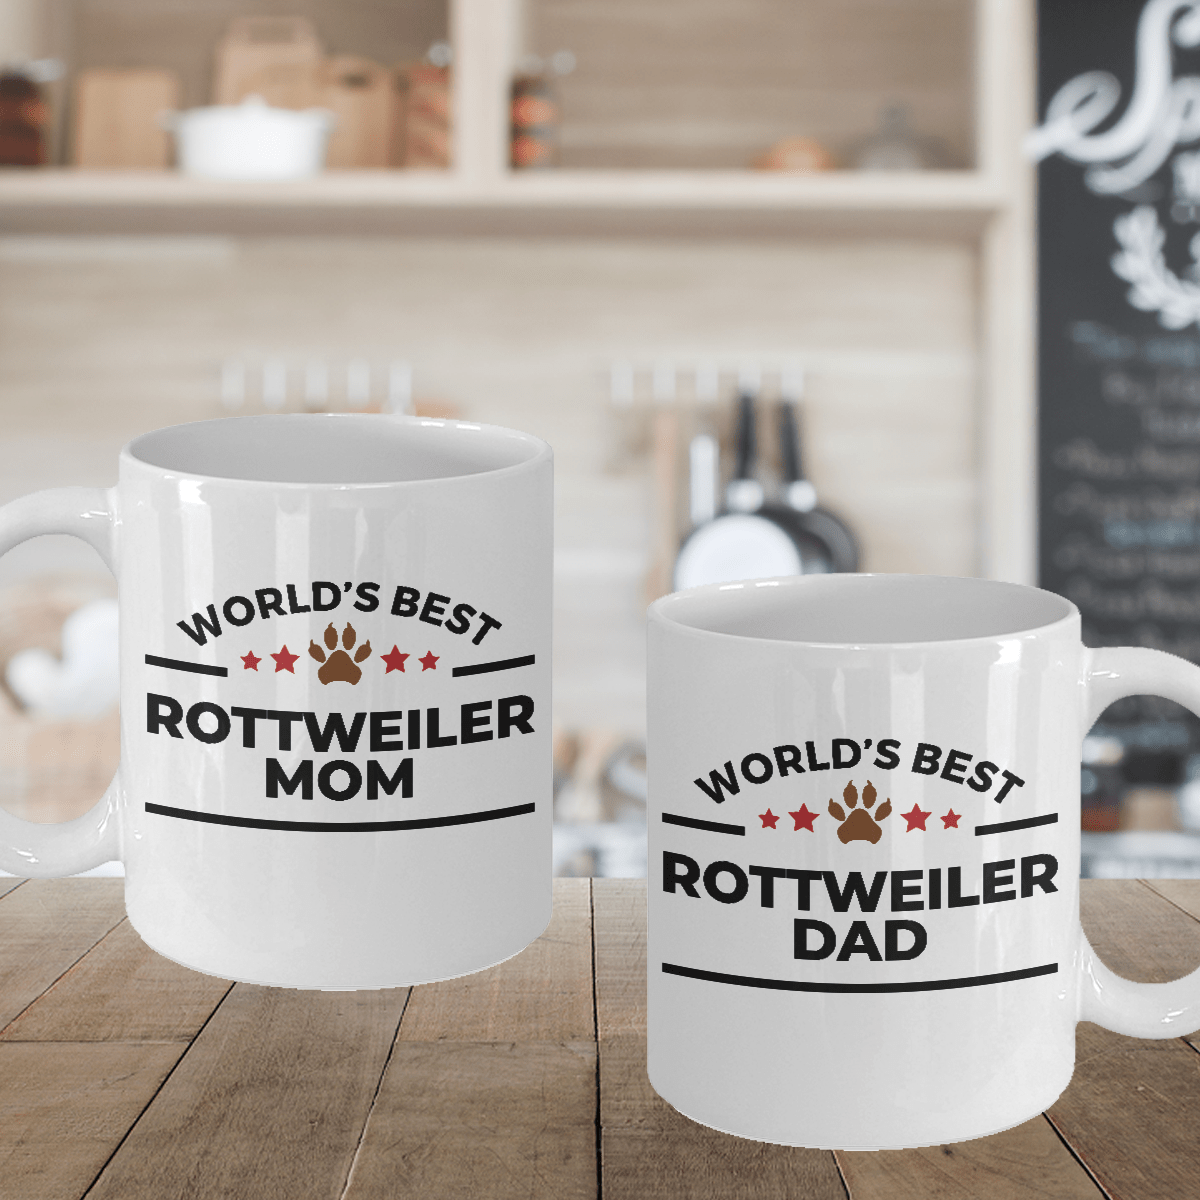 Rottweiler Dad and Mom Ceramic Mugs - Set of 2 - His and Hers
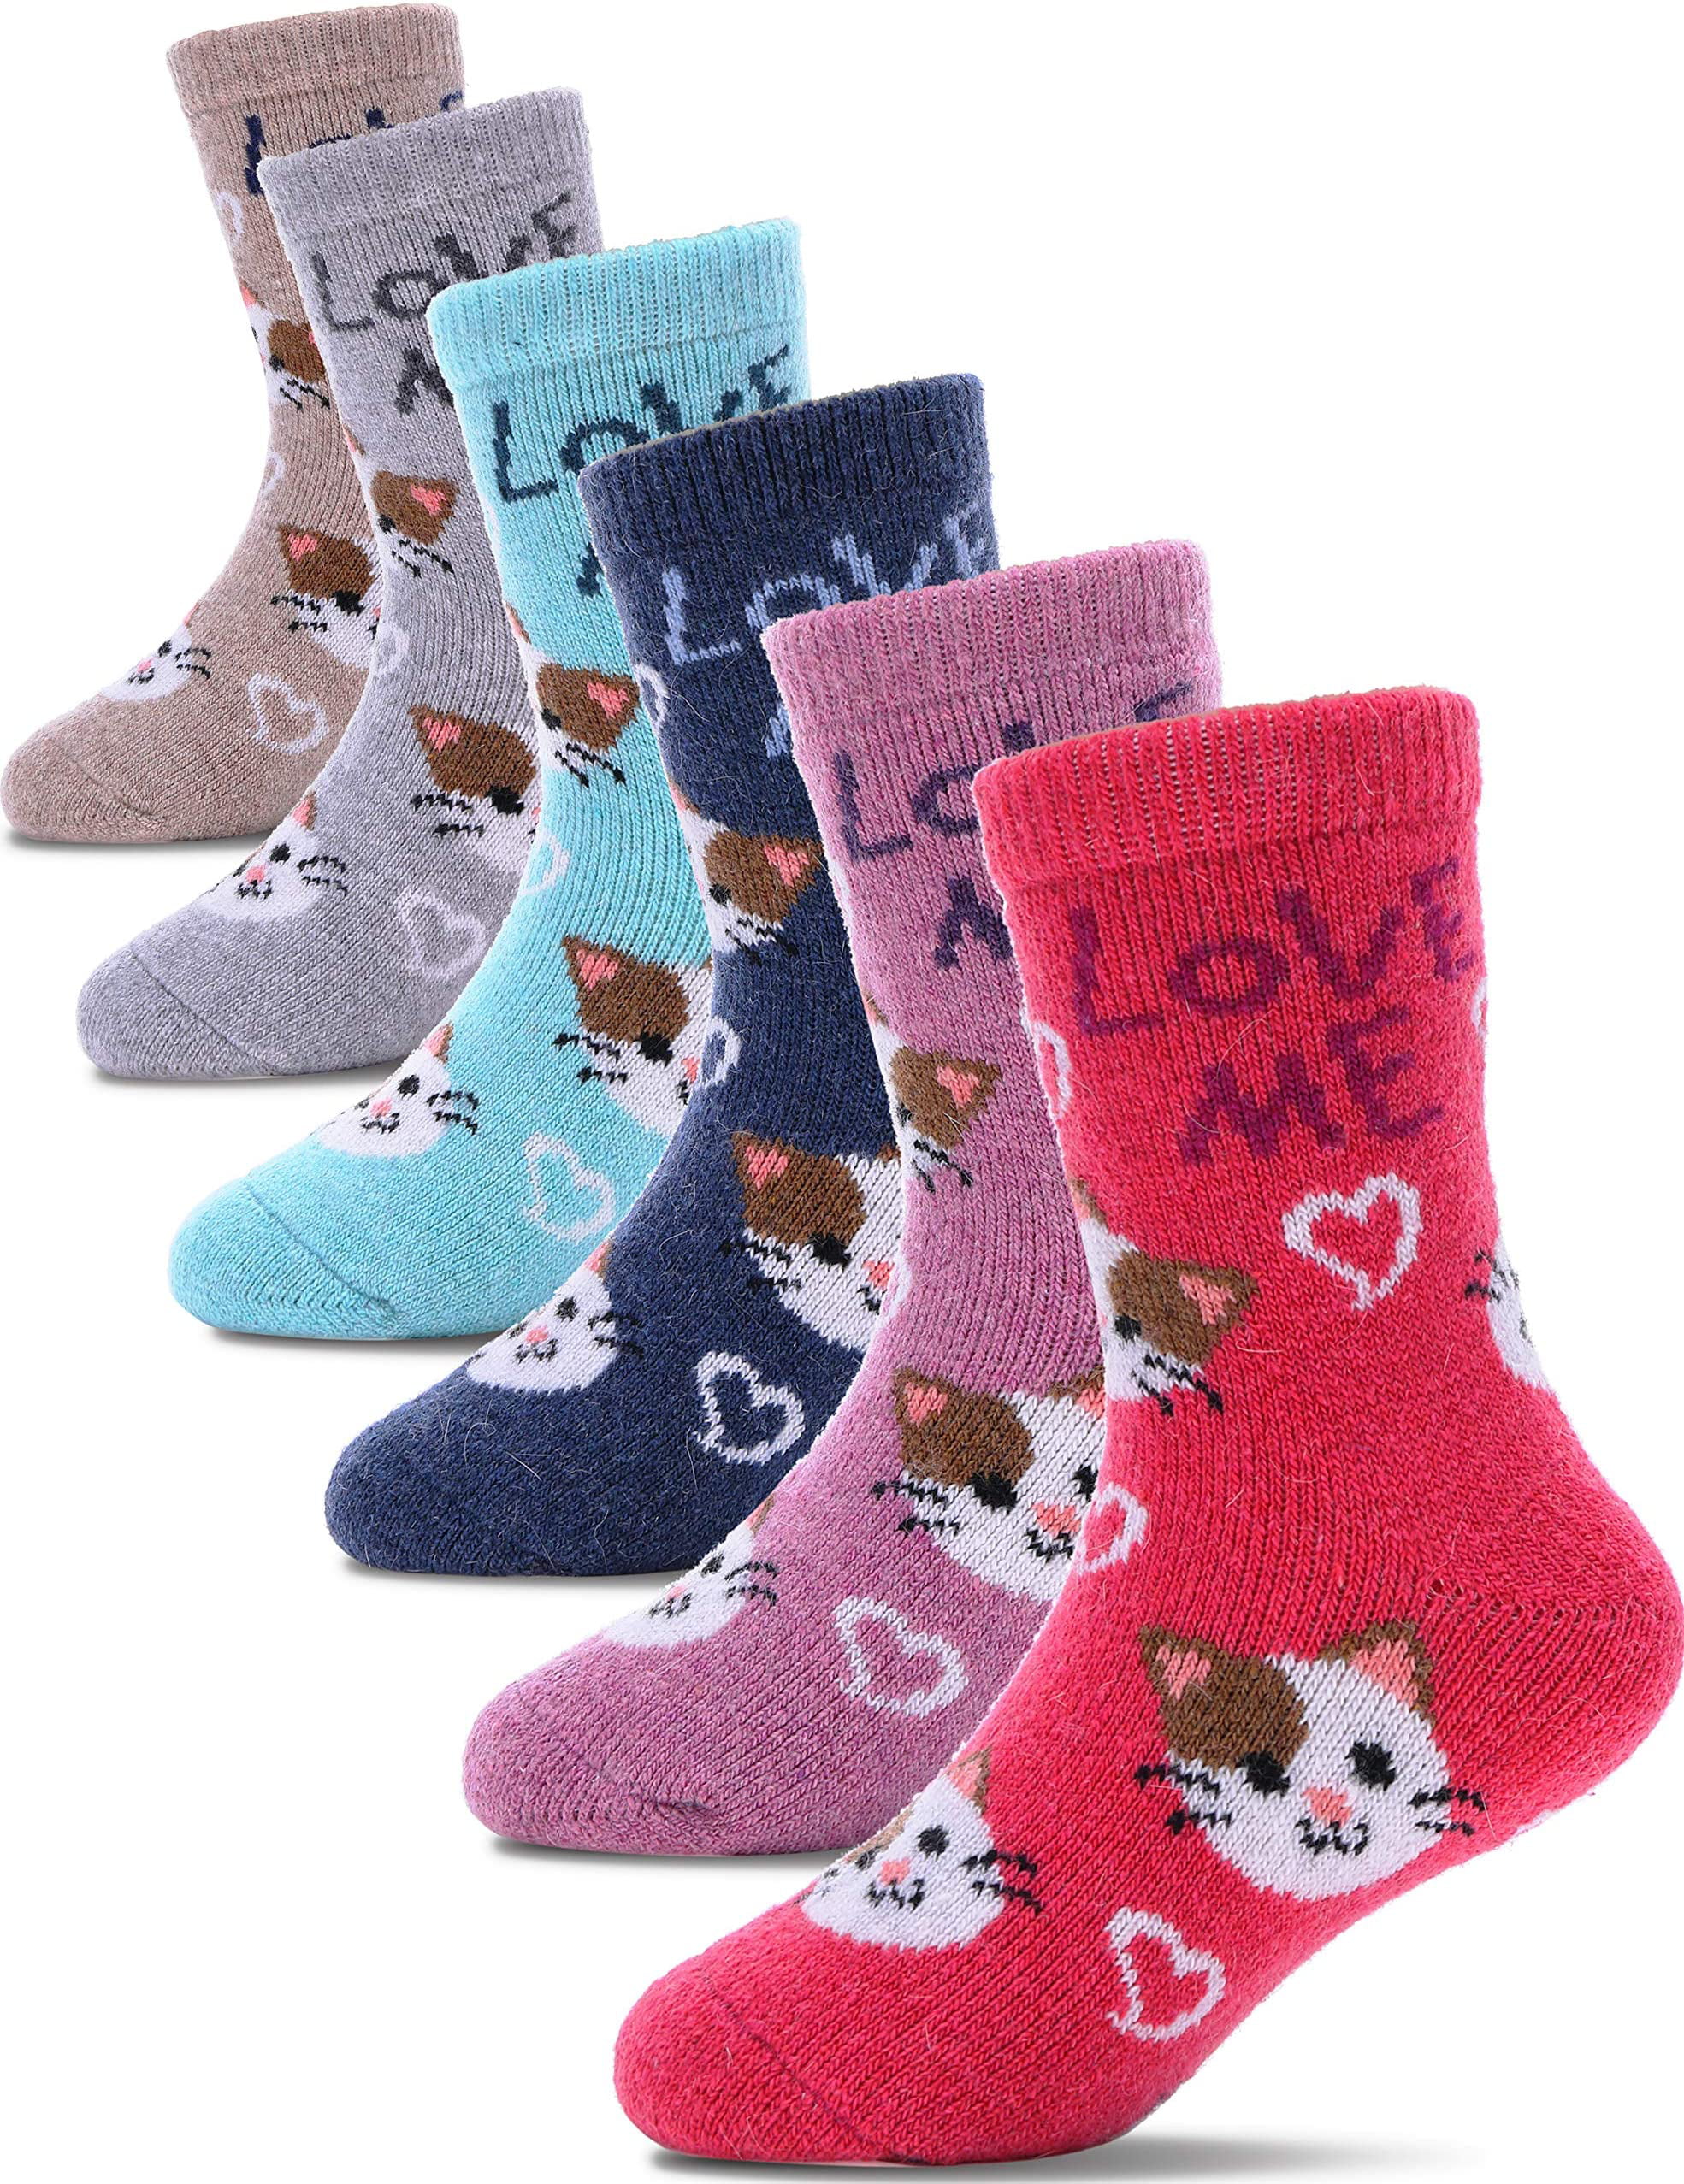 ProEtrade Wool Socks for Kids Boys Girls Toddlers Winter Warm Thermal Walking Thick Heavy Boot Cosy Hiking Gift Socks 6 Pairs
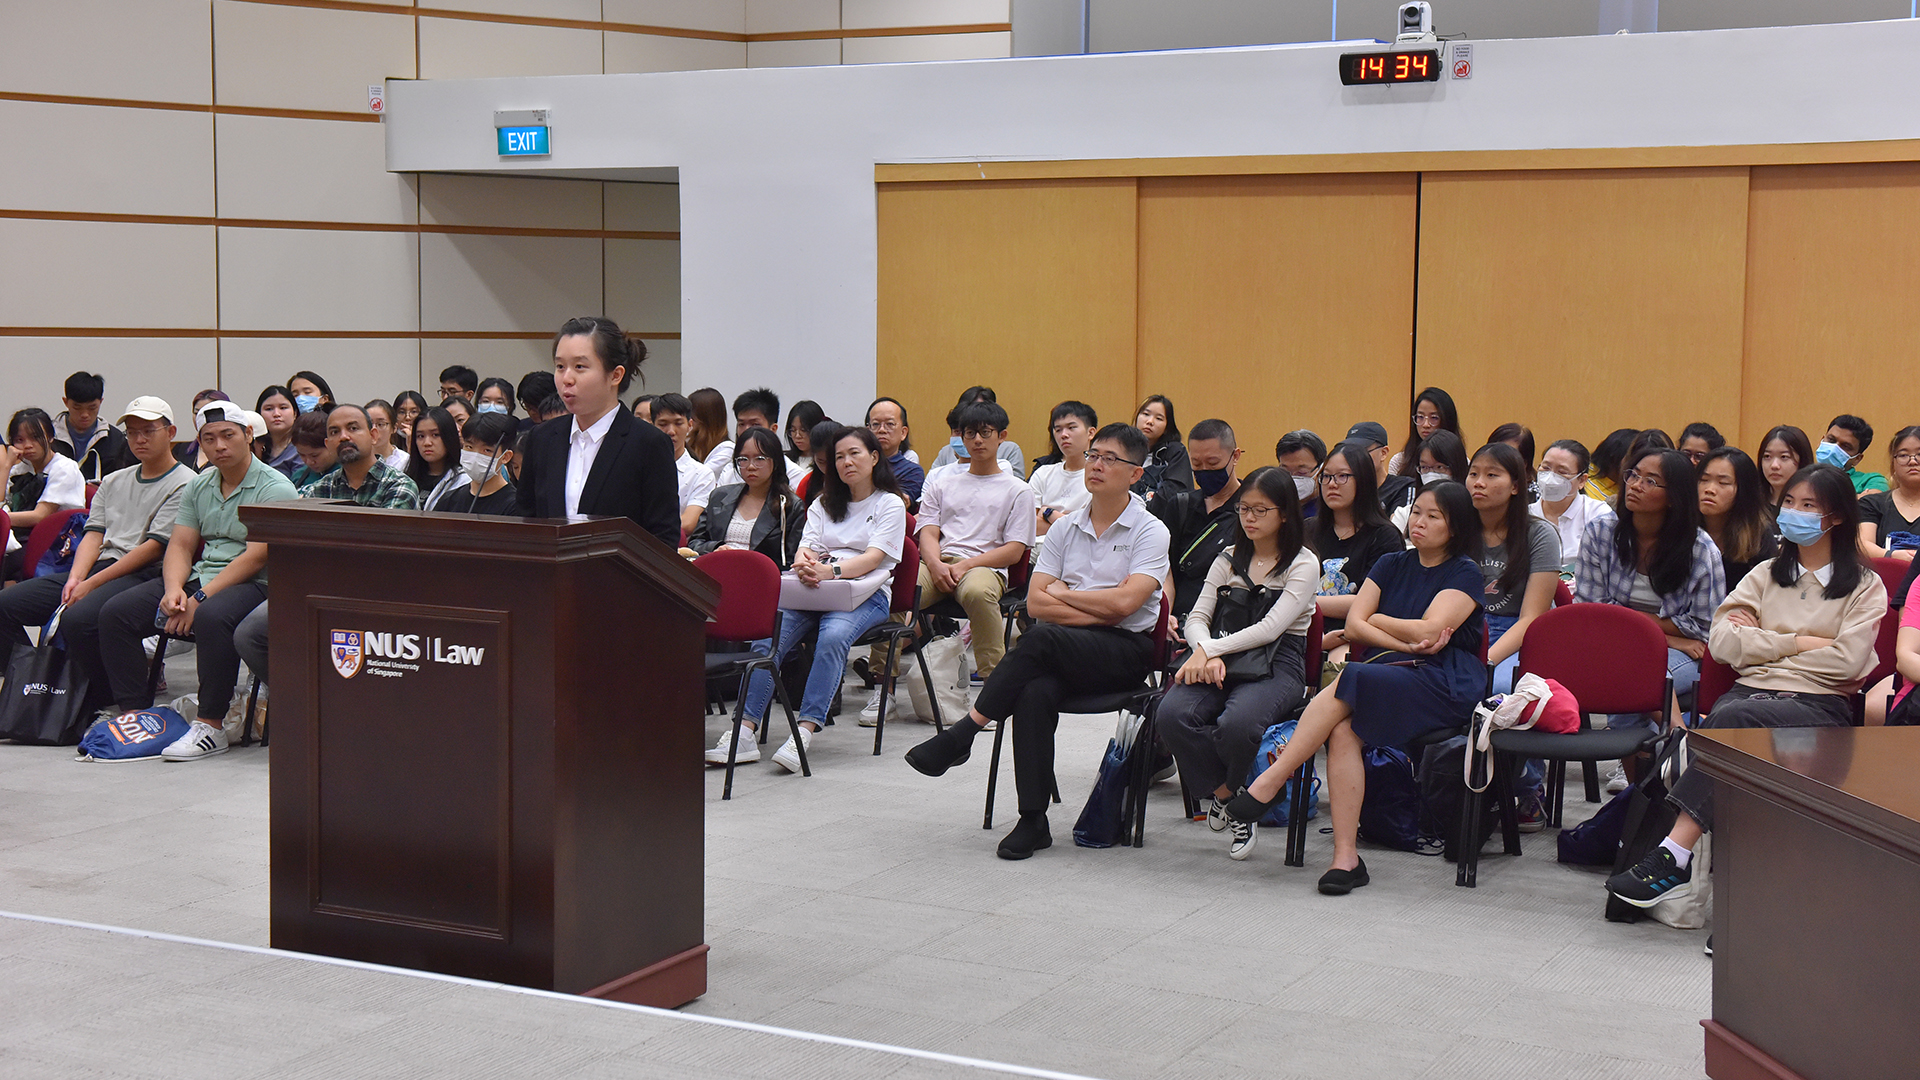 Prospective students got the opportunity to experience a courtroom setting at the moot court session at NUS Law.

| EXERCISE PROMPT |
With the pictures left out, write out all of the data exactly.

| FINAL ANSWER |
 Rottweiler Dad and Mom Ceramic Mugs - Set of 2 - His and Hers
 ProEtrade Wool Socks for Kids Boys Girls Toddlers Winter Warm Thermal Walking Thick Heavy Boot Cosy Hiking Gift Socks 6 Pairs
 Prospective students got the opportunity to experience a courtroom setting at the moot court session at NUS Law.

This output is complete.